- _PROBLEM TO WORK ON_: Every line below from the one with "SEK Surebond SB-6400" through the one with "Boxer court Calvin Klein taille basse noir" should be retyped exactly, both ends included; no other lines and no pictures.
Segment Start: RECORDS SUPPLIED
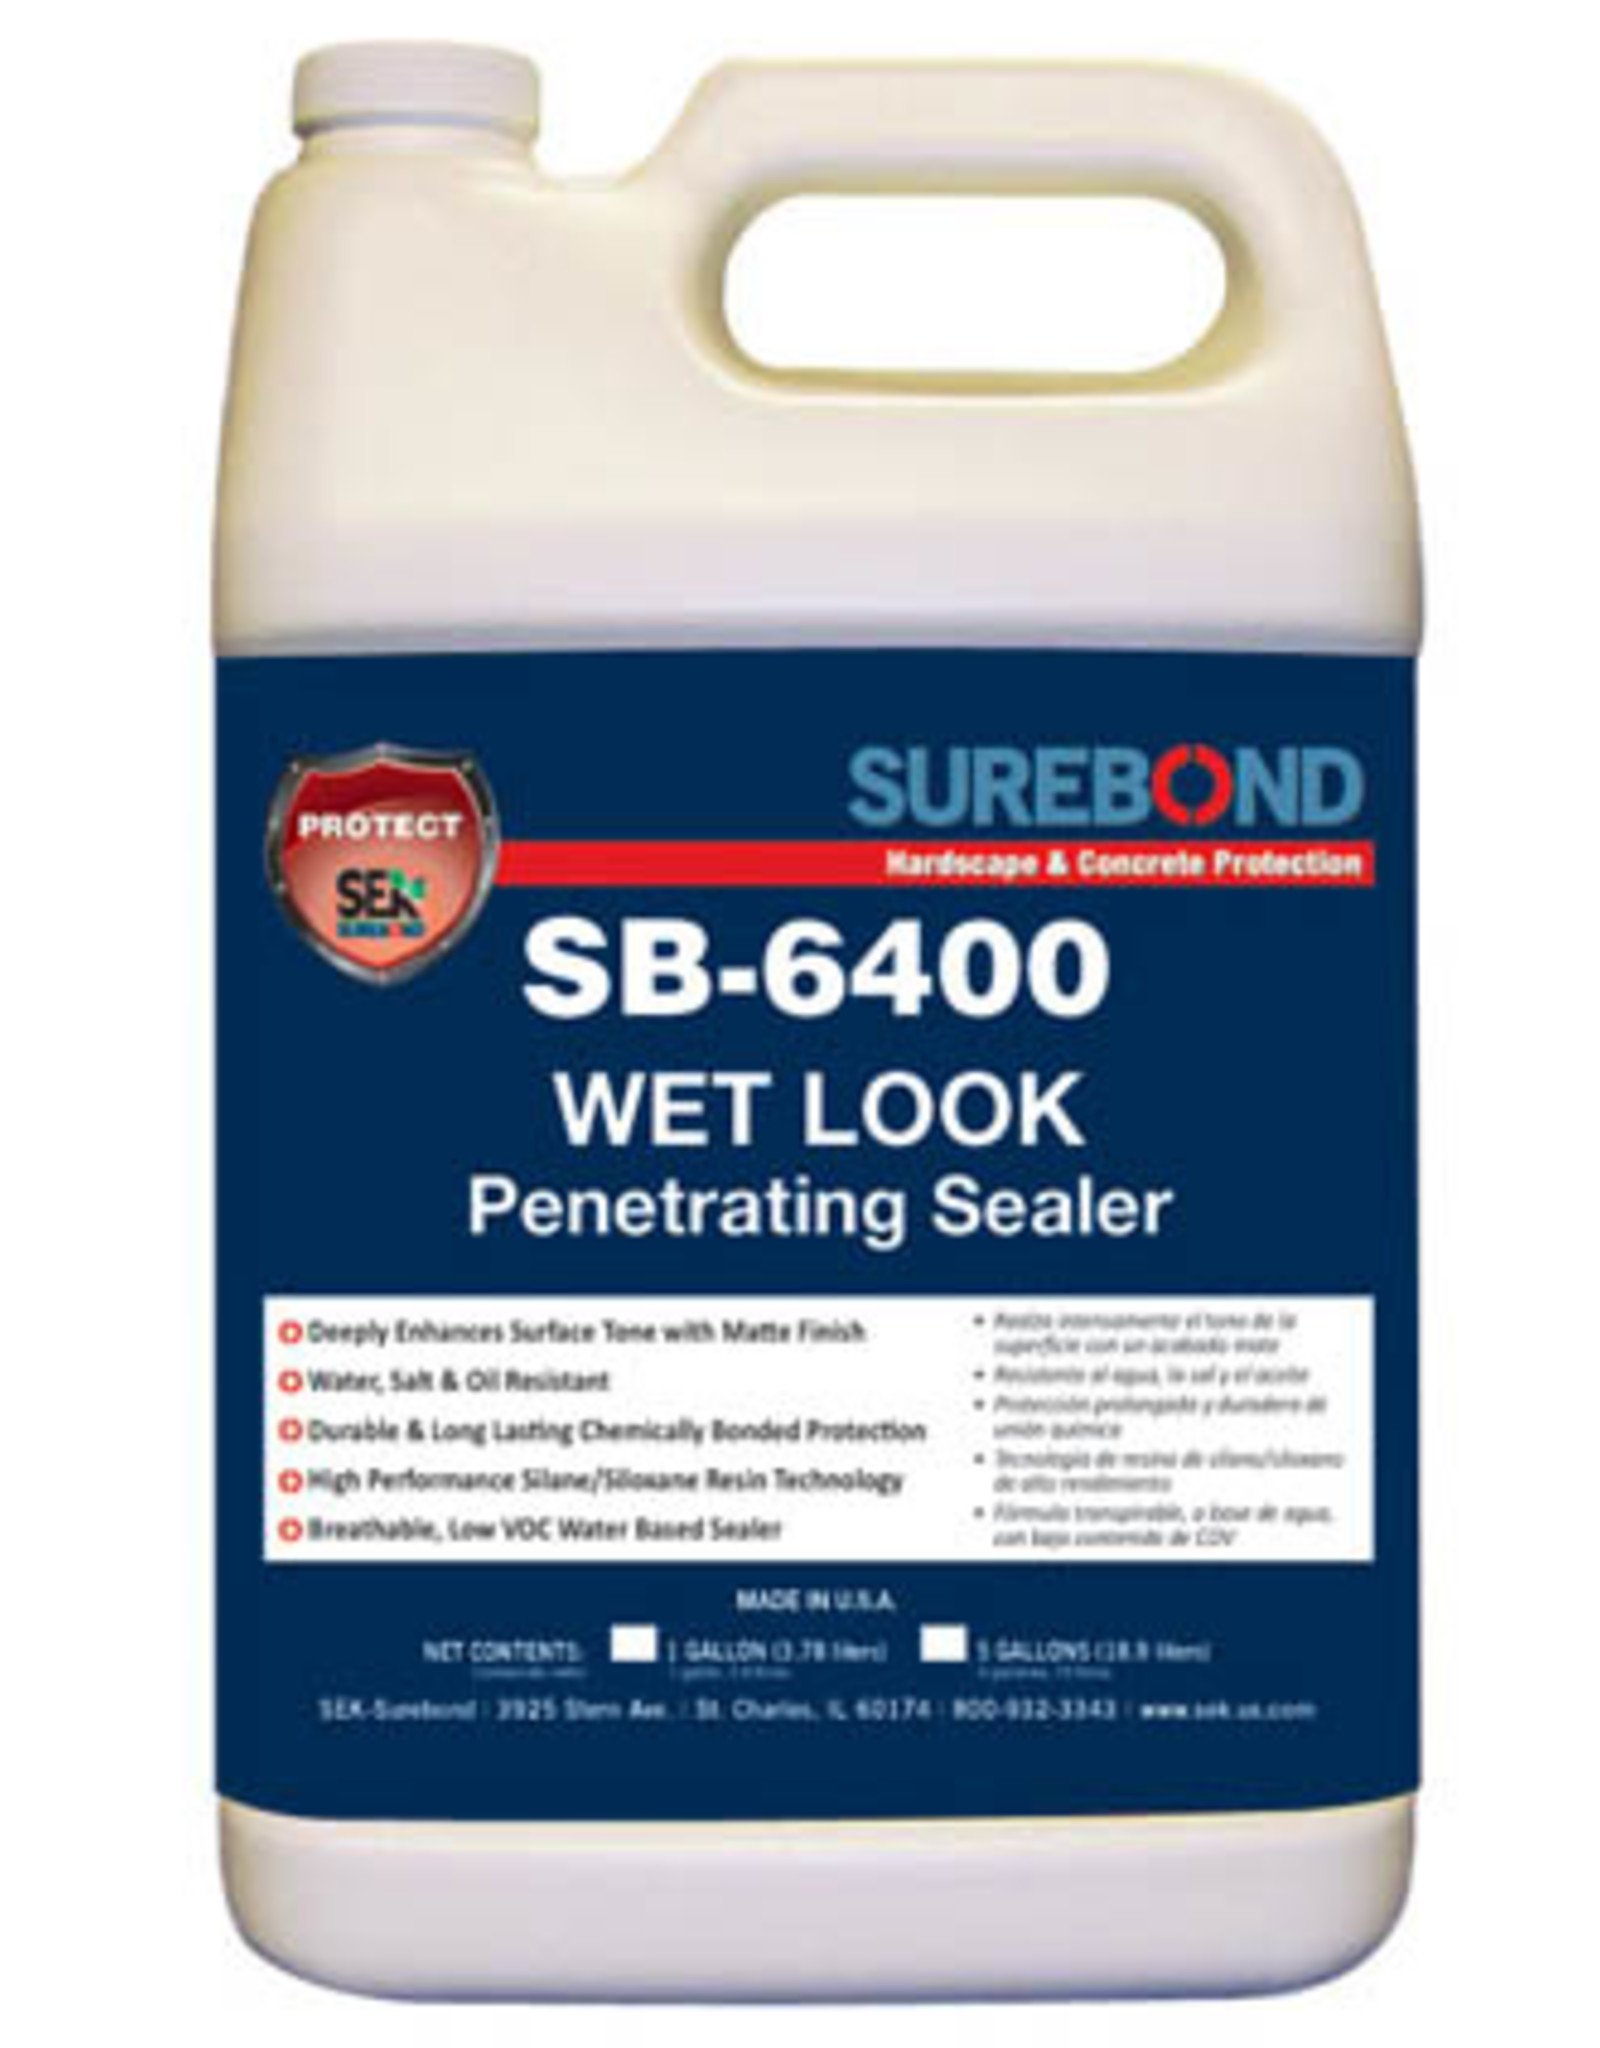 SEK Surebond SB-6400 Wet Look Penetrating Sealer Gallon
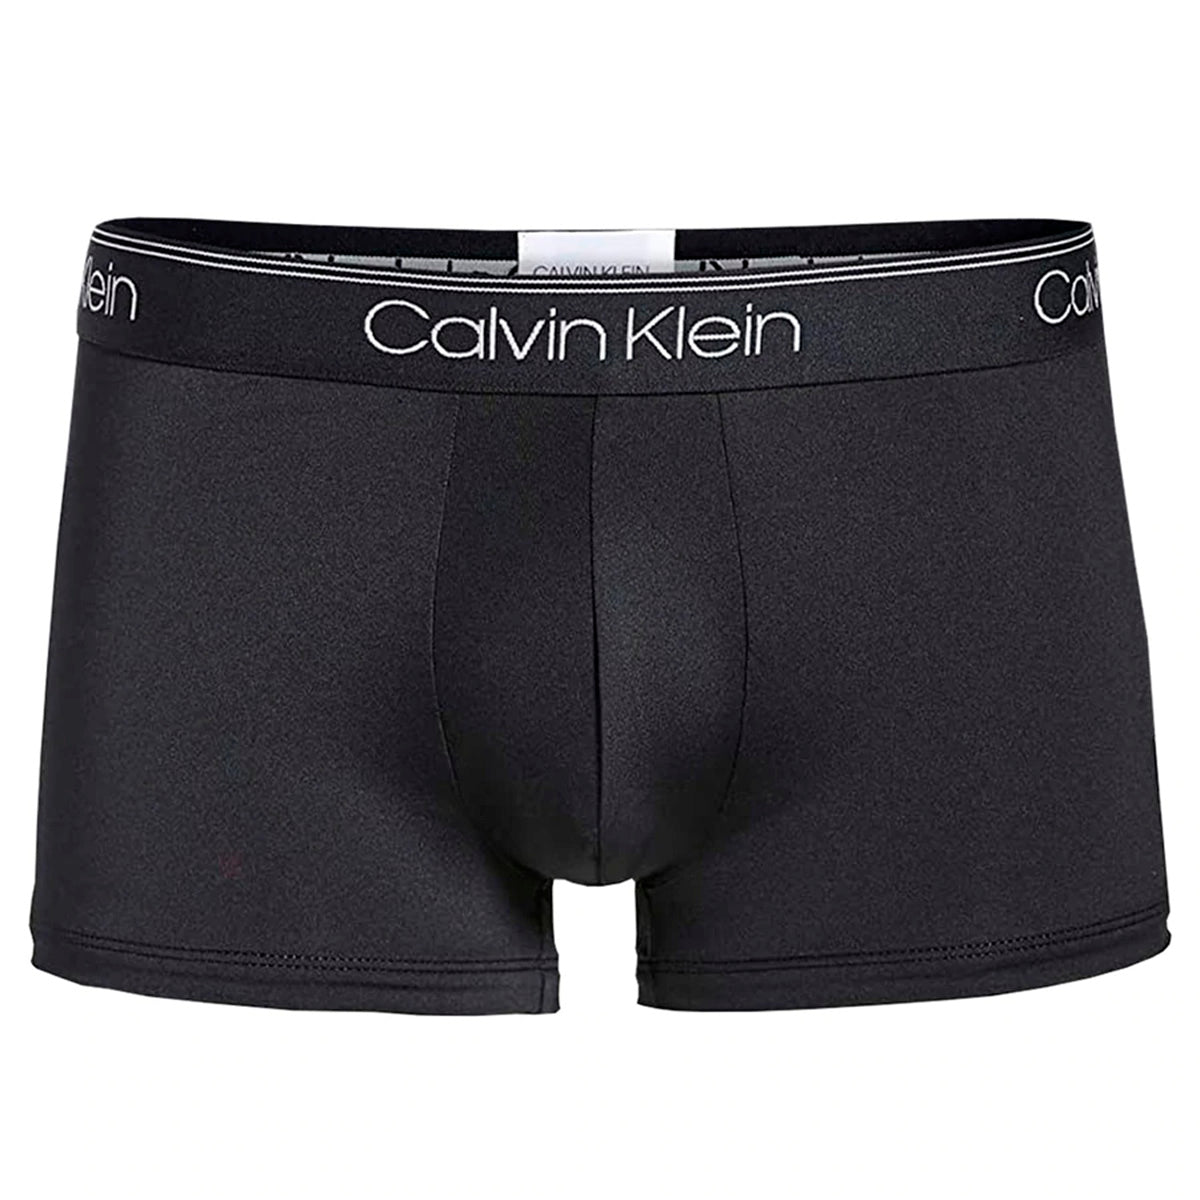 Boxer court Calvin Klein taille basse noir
Segment End: RECORDS SUPPLIED
Segment Start: RECORDS SUPPLIED
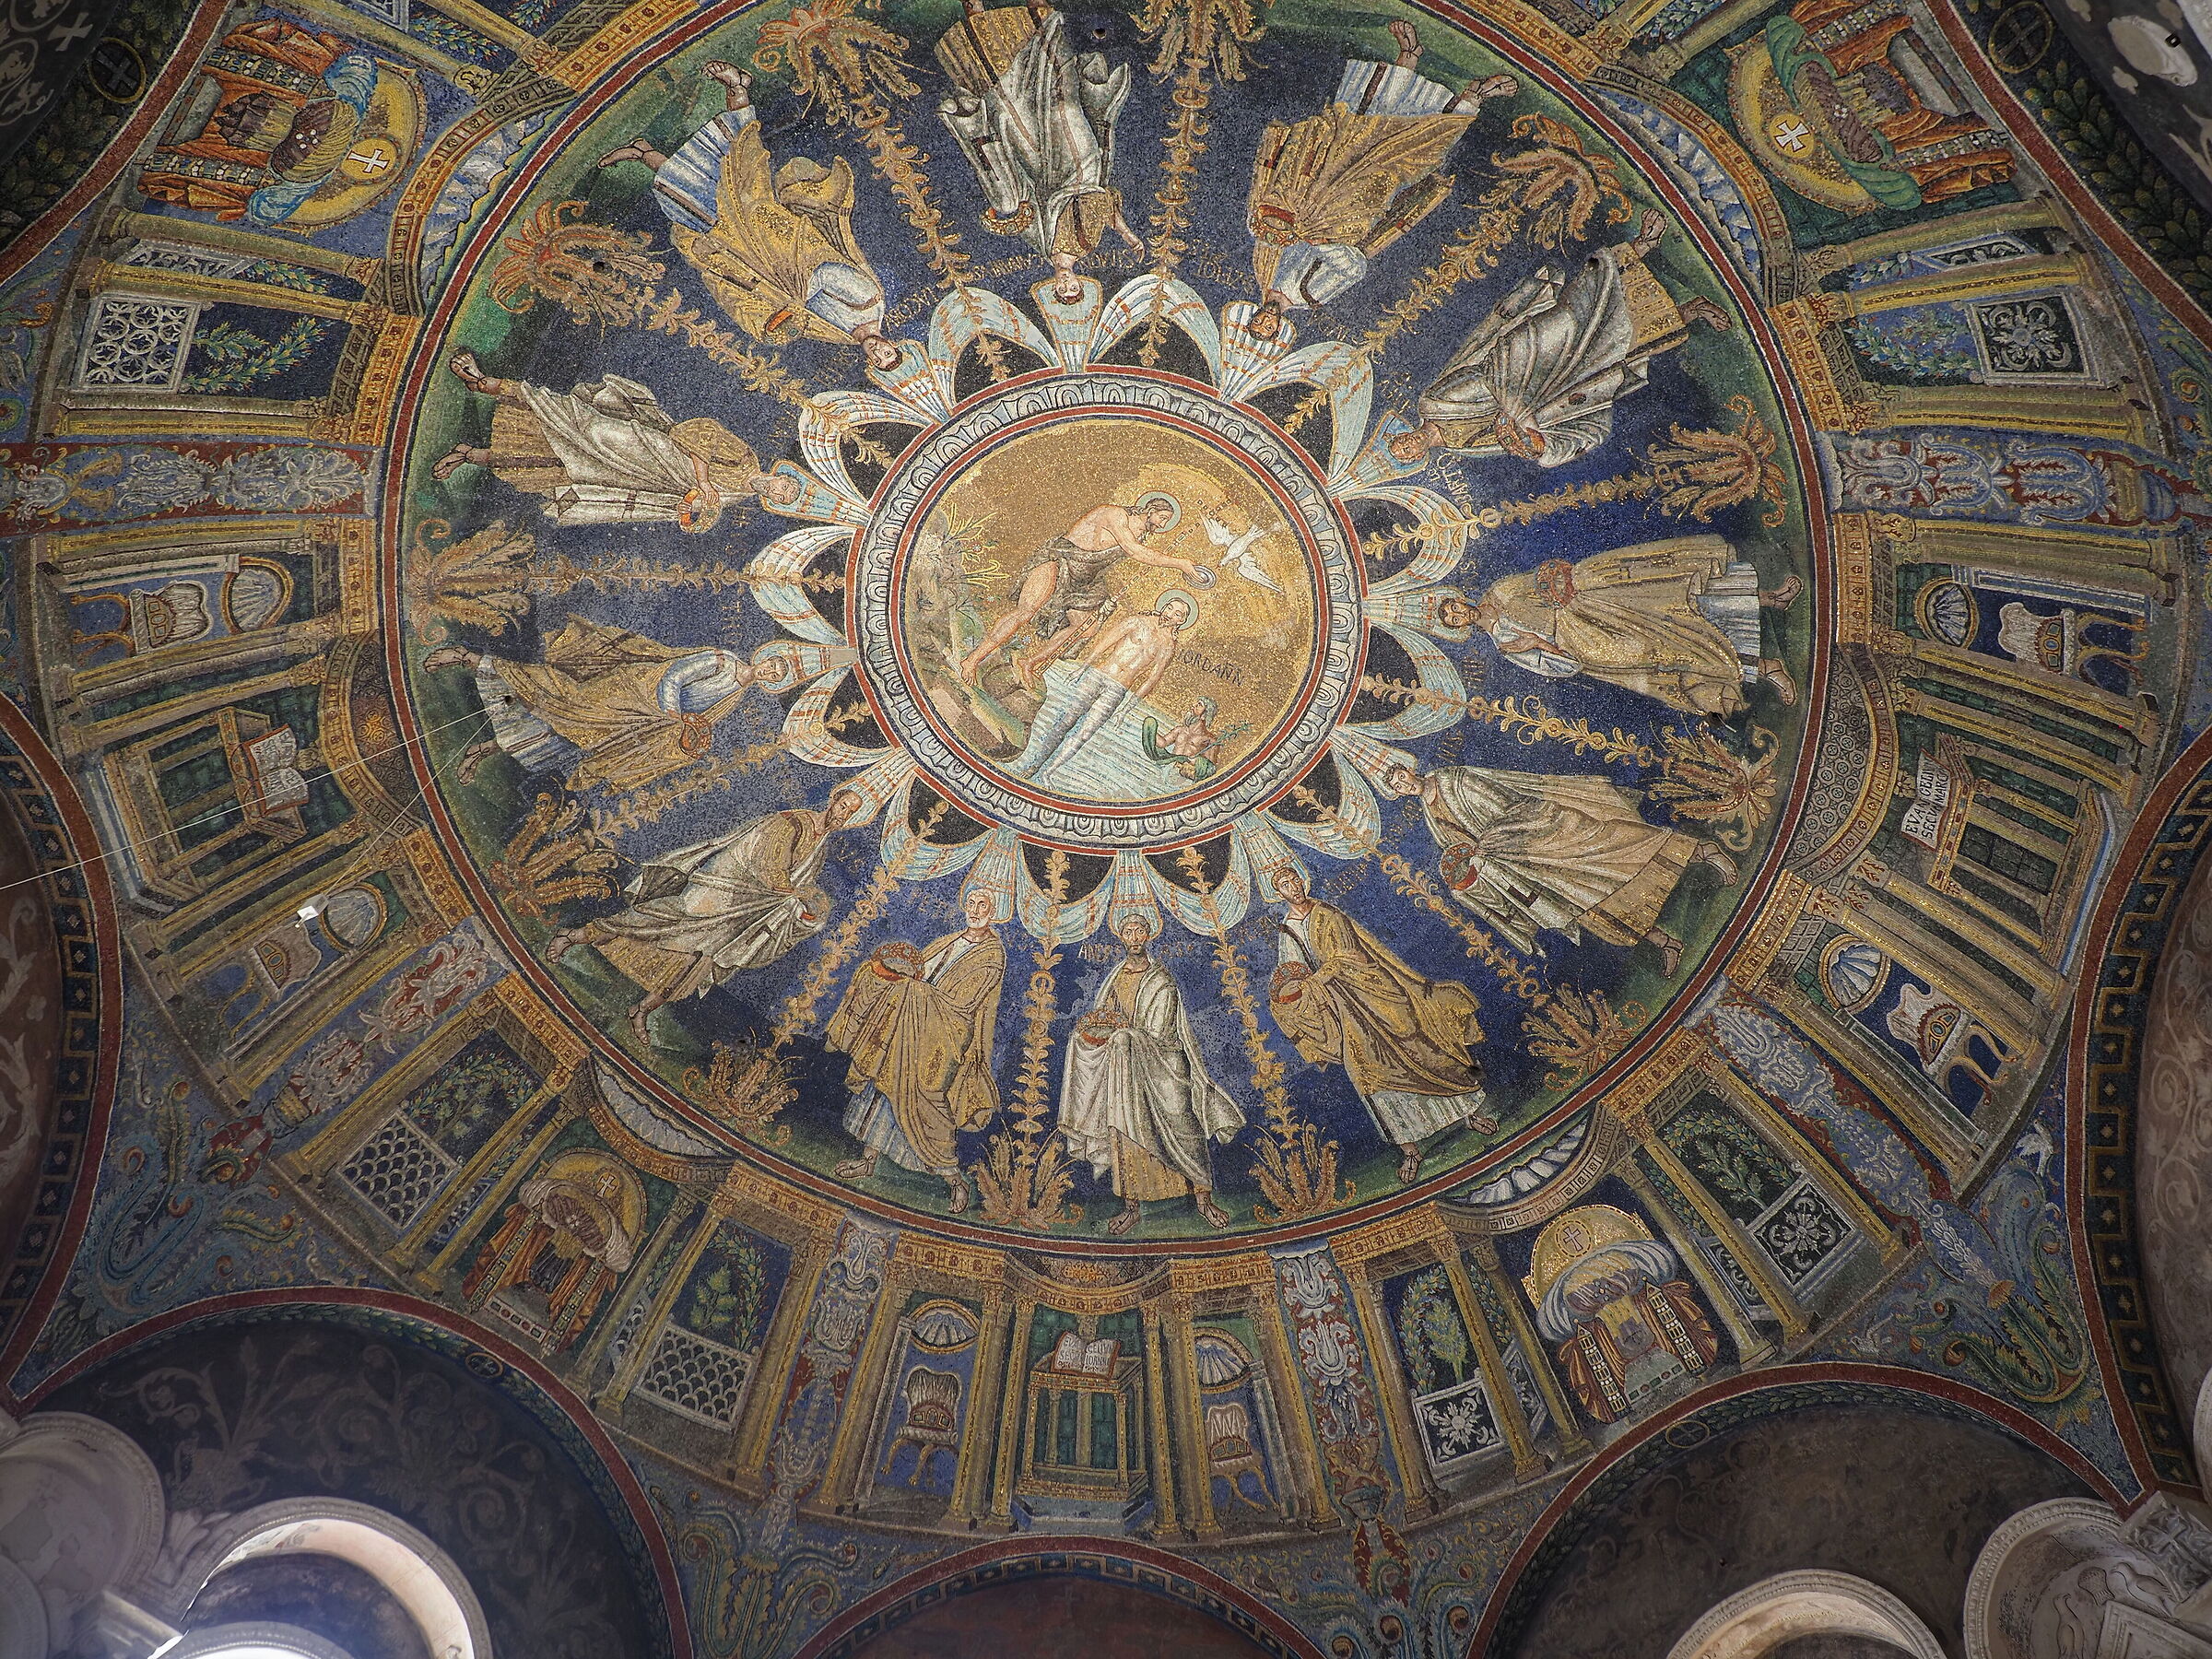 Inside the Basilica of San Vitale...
Segment End: RECORDS SUPPLIED
Segment Start: RECORDS SUPPLIED
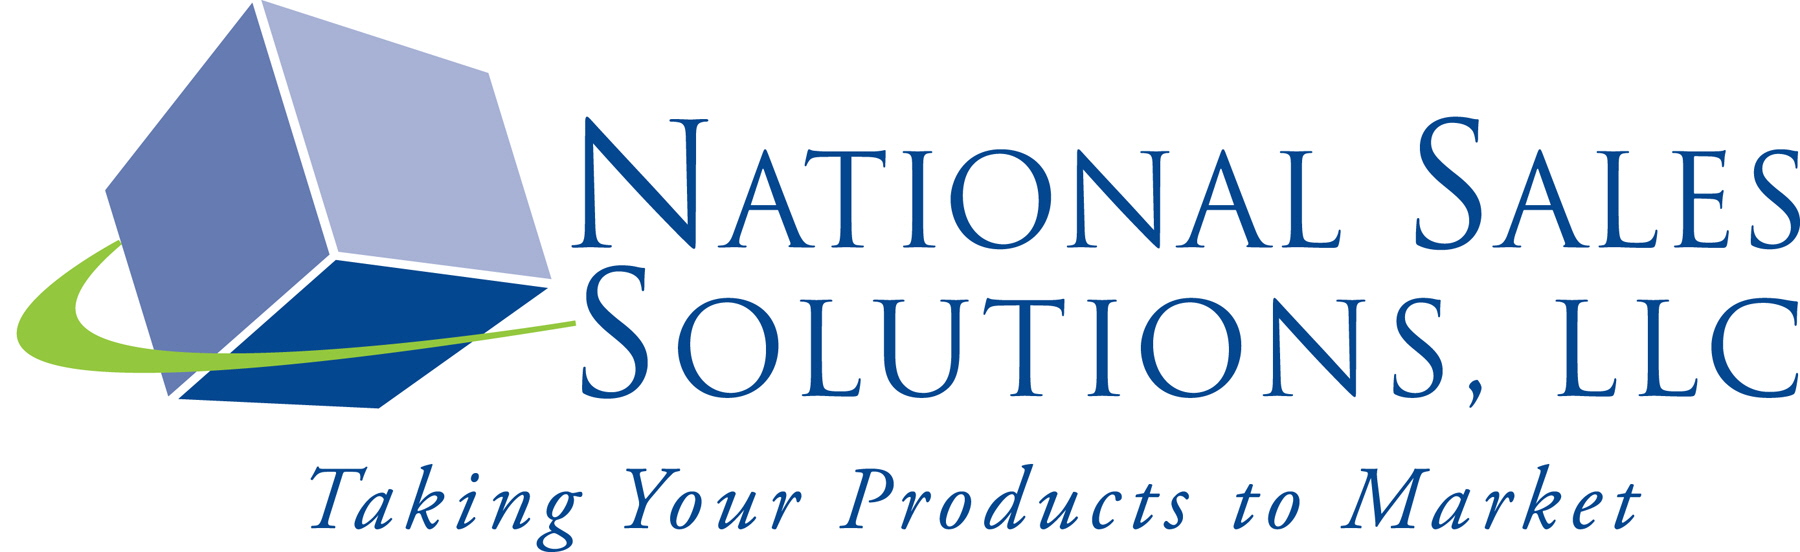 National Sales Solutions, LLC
Segment End: RECORDS SUPPLIED
- _RESPONSE FOR THIS EXERCISE_:
 SEK Surebond SB-6400 Wet Look Penetrating Sealer Gallon
 Boxer court Calvin Klein taille basse noir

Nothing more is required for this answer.